Record excerpts Start Marker

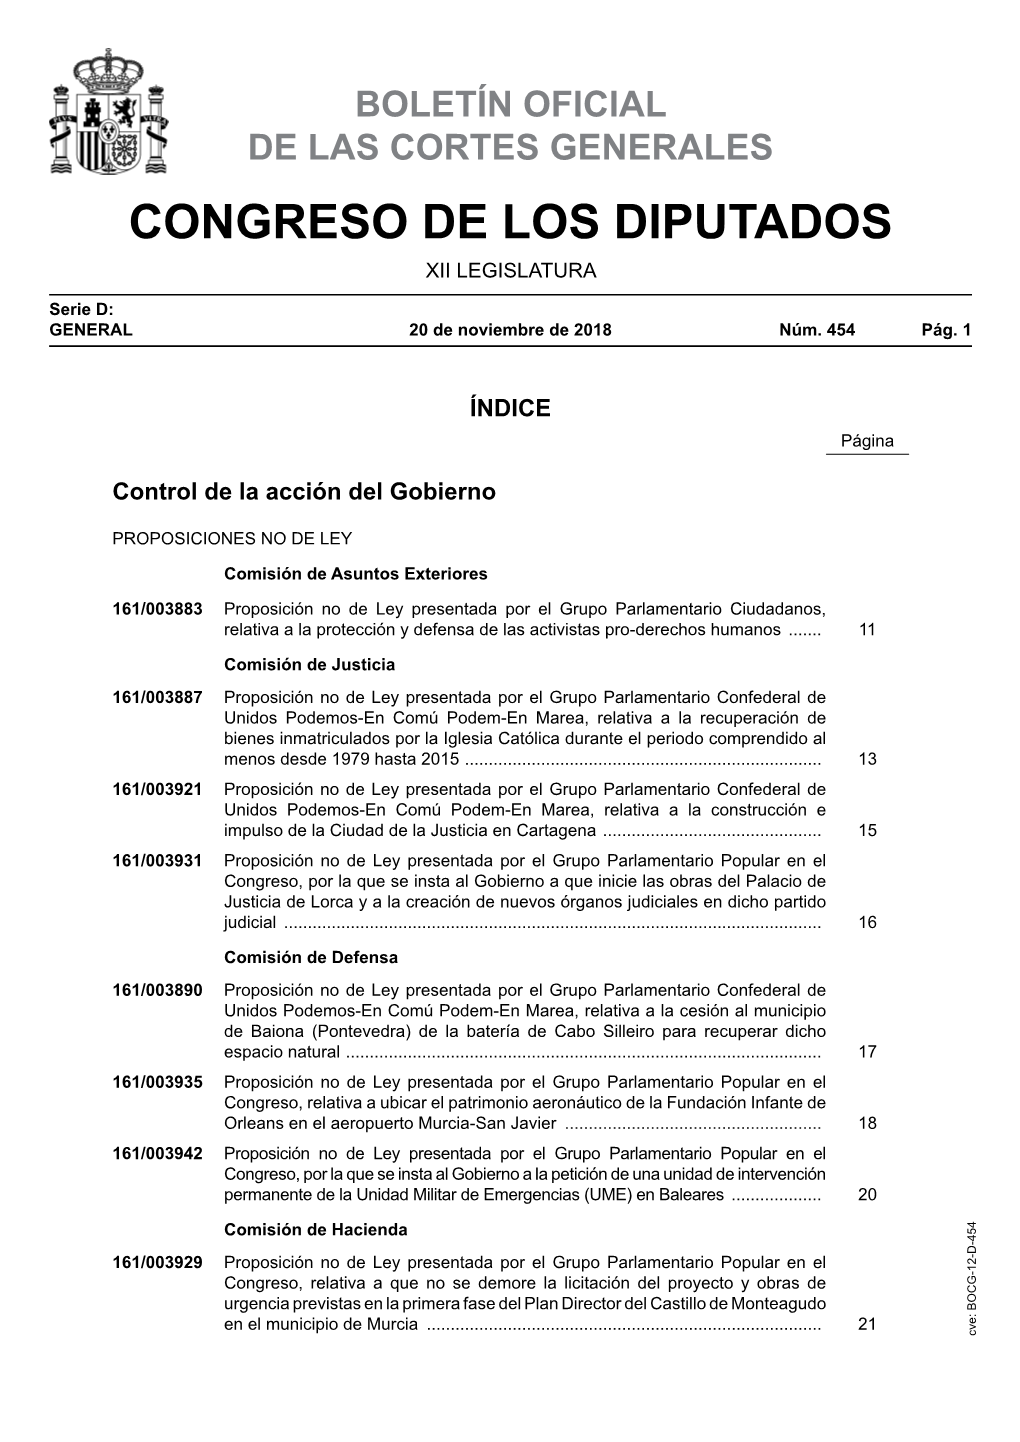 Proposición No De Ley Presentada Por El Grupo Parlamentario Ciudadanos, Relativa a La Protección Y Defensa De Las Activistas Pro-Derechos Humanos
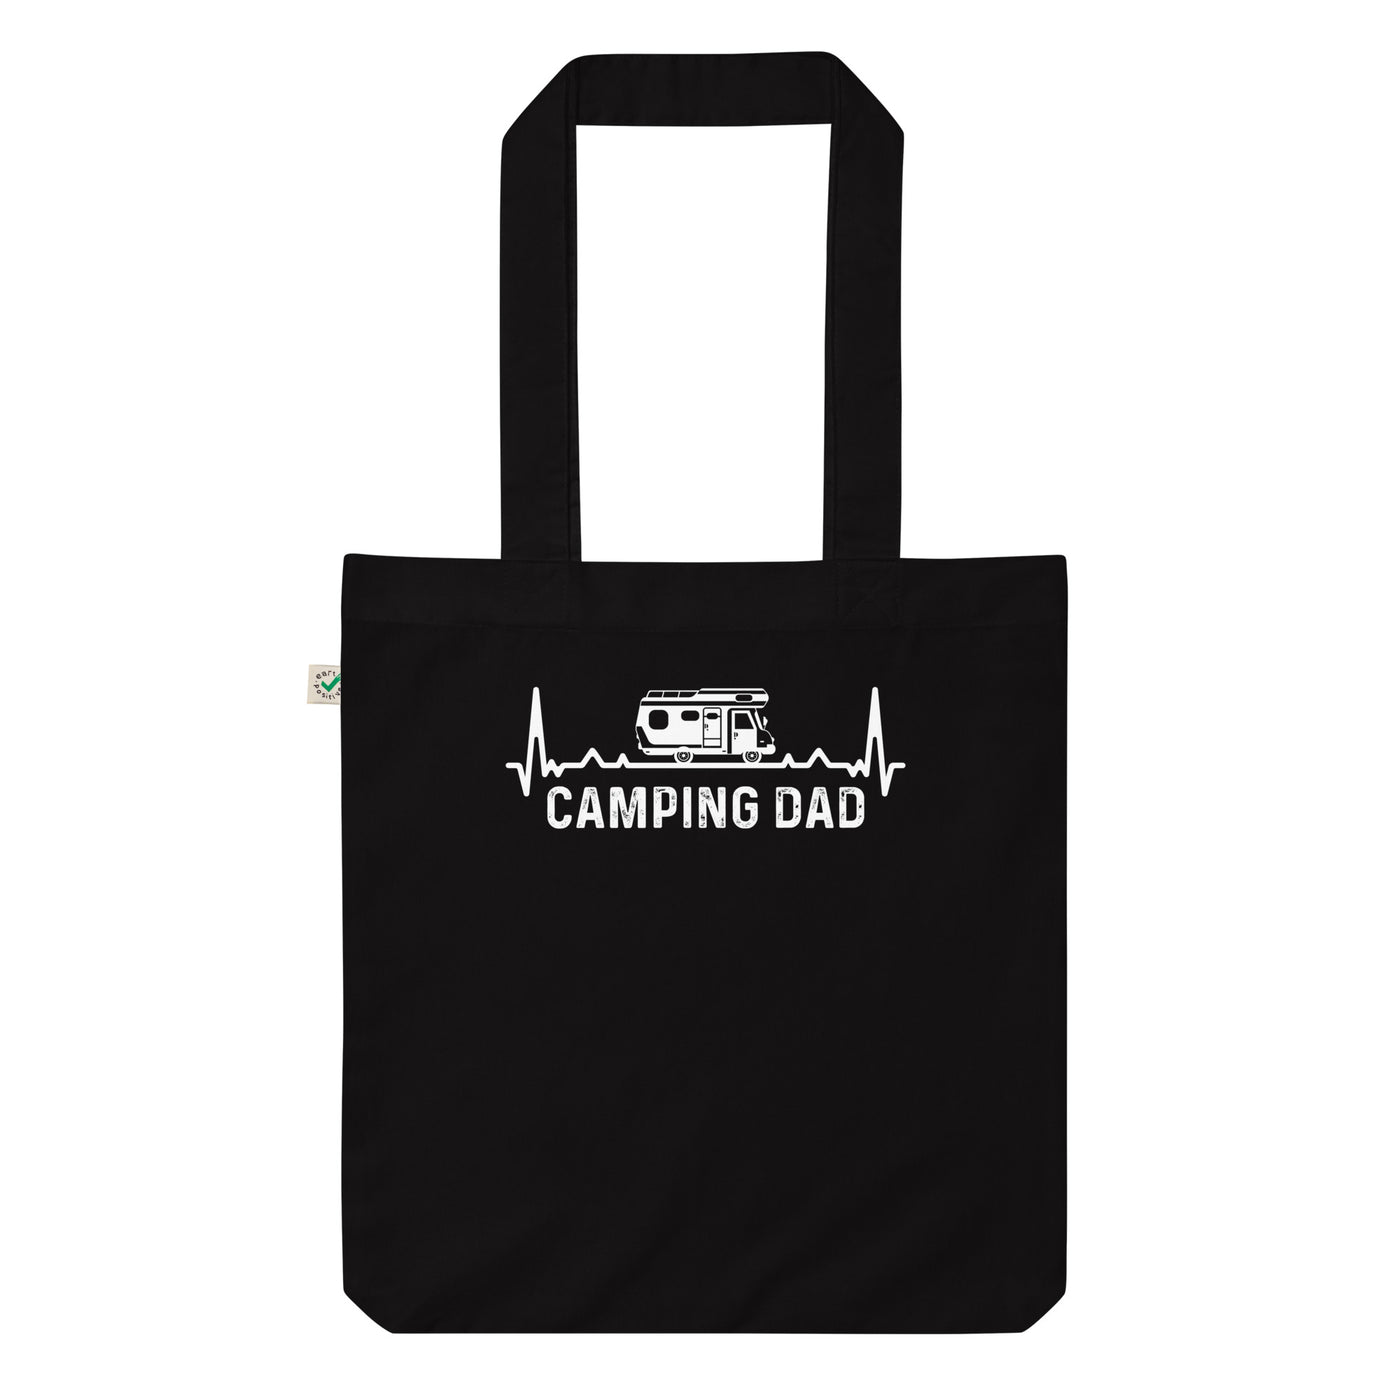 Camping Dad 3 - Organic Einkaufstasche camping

Record excerpts End Marker
Record excerpts Start Marker

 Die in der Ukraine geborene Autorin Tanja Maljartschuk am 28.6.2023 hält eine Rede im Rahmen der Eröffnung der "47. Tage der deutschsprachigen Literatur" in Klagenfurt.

Record excerpts End Marker

_Task item_. Above are some entries; copy exactly the lines from the line with "Proposición No De" through the line with "Camping Dad 3", both included, but none of the pictures.

_Exercise response_.
 Proposición No De Ley Presentada Por El Grupo Parlamentario Ciudadanos, Relativa a La Protección Y Defensa De Las Activistas Pro-Derechos Humanos
 Camping Dad 3 - Organic Einkaufstasche camping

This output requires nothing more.